Chapter 8 Now

Now

“Sebastian. Fucking. Nikolaou. Back from the dead,” says Maren.

It’s Friday night, and we’re about five minutes away from her parents’ house.

I’d sent her a vague WhatsApp message that morning, warning her that the Sebastian Situation had some new developments I wanted to discuss in person.

After work I drove to Newark airport to pick her up, and less than a minute after getting in my car she’d cut the small talk and demanded an update.

Thirty minutes later, I’m about to finish relaying the gruesome details.

Claire had been delighted to receive an email from me yesterday, letting her know I was interested in featuring her and Sebastian’s wedding in my column.

She’d replied that same day with an array of links and attachments, including a vendor list, an hour-by-hour wedding day itinerary, a Pinterest mood board and a band set list. I felt nothing as I reviewed the files, then downloaded each to a folder on my desktop.

After six years, I’ve come to see these once alluringly romantic details for what they really are: pillars of the wedding industrial complex.

Once you’ve written about enough weddings—and seen “Here Comes the Sun” by the Beatles listed as the recessional song at least two dozen times—you realize how impersonal and interchangeable it all actually is.

Only the final attachment—the invitation proof—momentarily tripped me up.

Together with their parents,

Sebastian Alexander Nikolaou

&

Claire Elizabeth Cunningham

request the honor of your presence at their

marriage ceremony

Saturday, the Thirty-First of August,

Two Thousand Twenty-Four

Five o’clock in the evening

I hovered my cursor over the ampersand. How many times had I pictured Sebastian’s name on a wedding invitation, but with mine below?

I pushed that thought away as quickly as it arrived and got back to business.

Claire and I emailed back and forth about wedding details a few more times that day.

I’d asked if she and Sebastian would be available for a three-way call or Zoom soon—my best stories were ones that really captured the couple, not just the event, and I knew next to nothing about their relationship.

She let me know that her busy schedule as the marketing lead for a celeb-backed beauty brand made it difficult to find time.

“So then she sends me this,” I say, handing Maren my phone. “Open Outlook.”

I smile when Maren successfully taps in my password on the first try. It’s the date I got my first AIM screenname, a combination of numbers I’ve been using for every digital footprint since then.

Maren perches her designer sunglasses atop her sleek blond blowout—she got in the habit of taming those wild curls into submission sometime after college, but I have a feeling they’ll be back after a day or two at home—and clears her throat dramatically.

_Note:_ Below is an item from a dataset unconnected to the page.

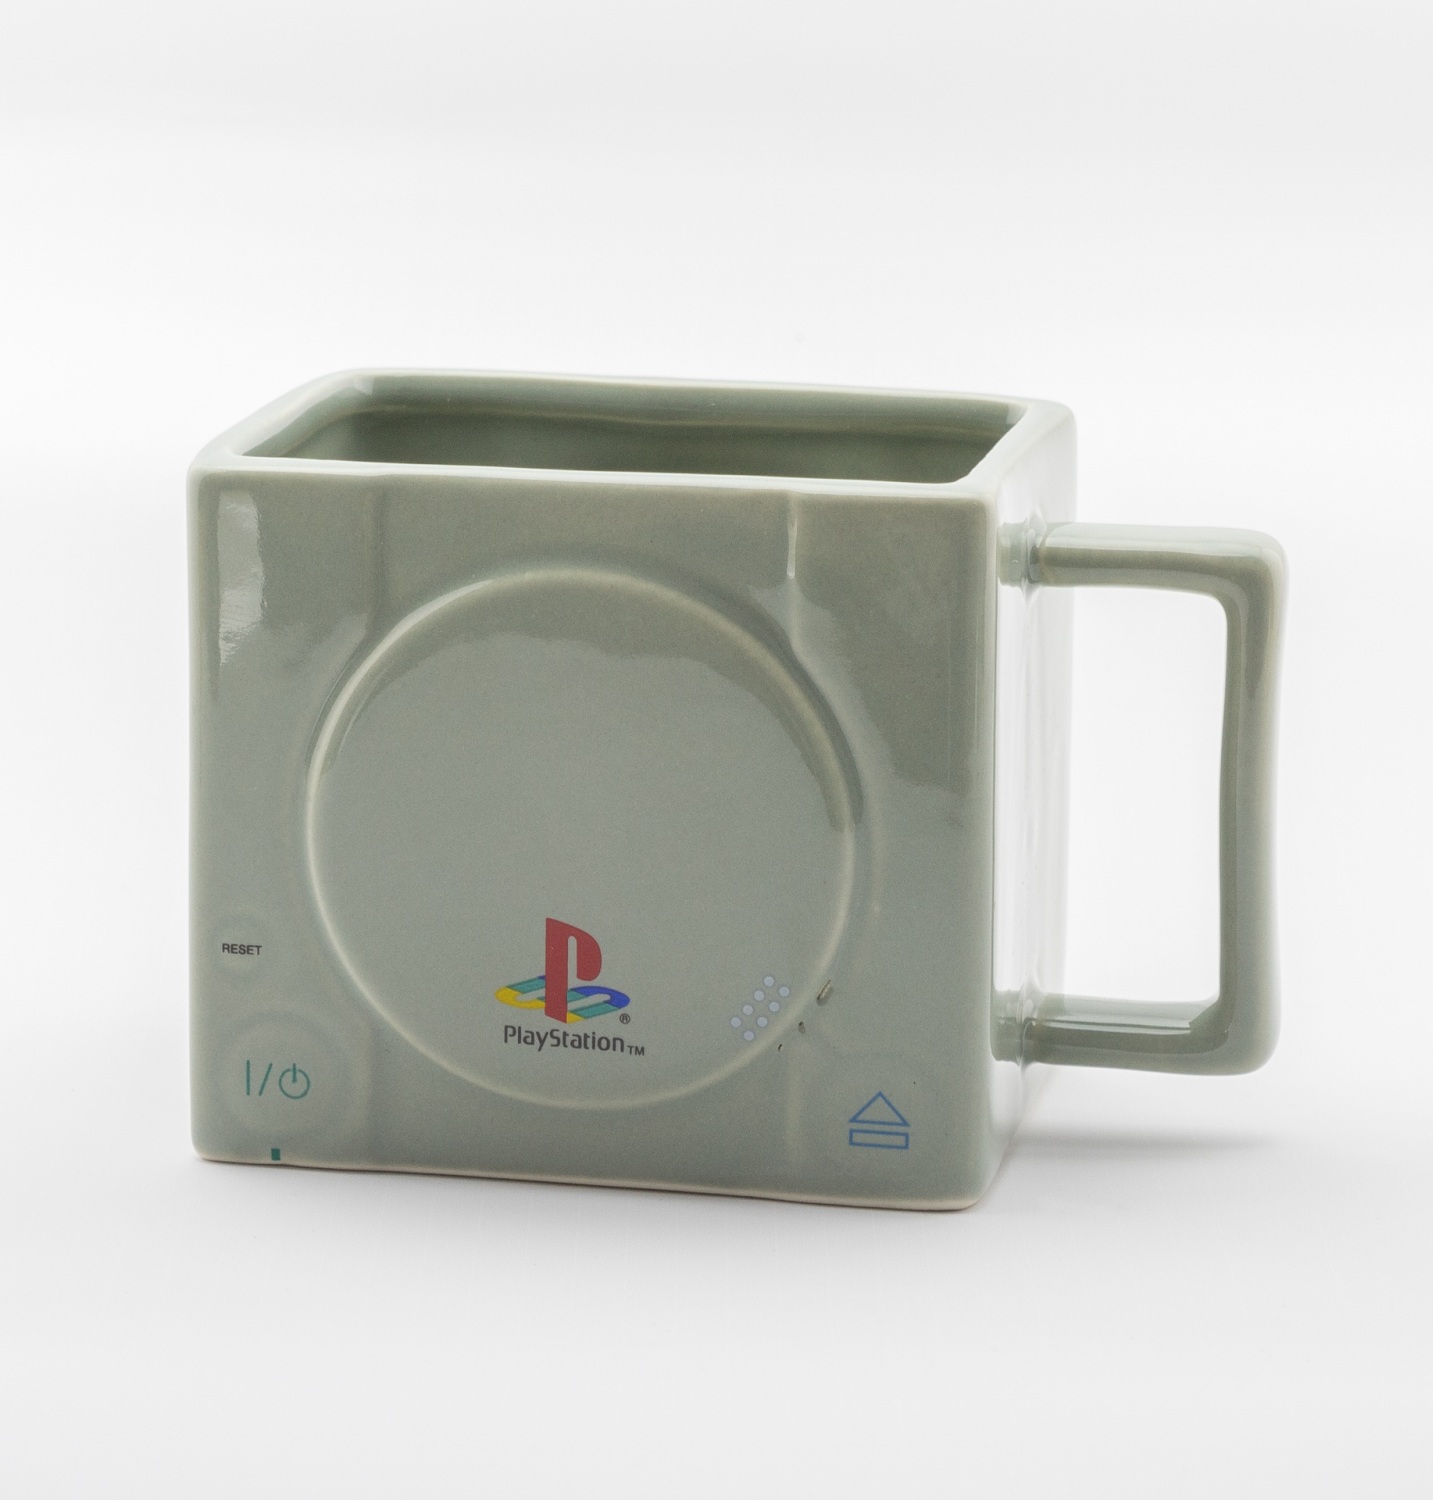 Hrnček PlayStation - 3D Console

“‘Lina—fast follow,’” she reads in her best corporate voice.

“‘Thoughts on joining Sebastian for a few appointments next week? I’ll keep playing calendar Tetris but don’t want to hold up the story in the meantime.

I’ve cc’d him here—will let you two take it from here!

’ Oh my God, it’s like she’s his manager. ”

“Cringe, right?”

“Completely cringe.”

I pull into the Murphys’ pebble driveway, finding comfort in the familiar sound of tiny rocks crunching beneath tires.

“So what happens now?” she asks as I put the car in park.

“We drink wine with your parents and pretend you’re staying forever?”

“Duh. And then what happens with the Sebastian Situation?” She looks a little wary.

I wave to a beaming Mr. and Mrs. Murphy, who are coming outside to help with their daughter’s luggage. I feel like I’ve gone back in time.

But then again, I’ve been feeling like that a lot lately.

“Let’s worry about that tomorrow,” I say, popping the trunk.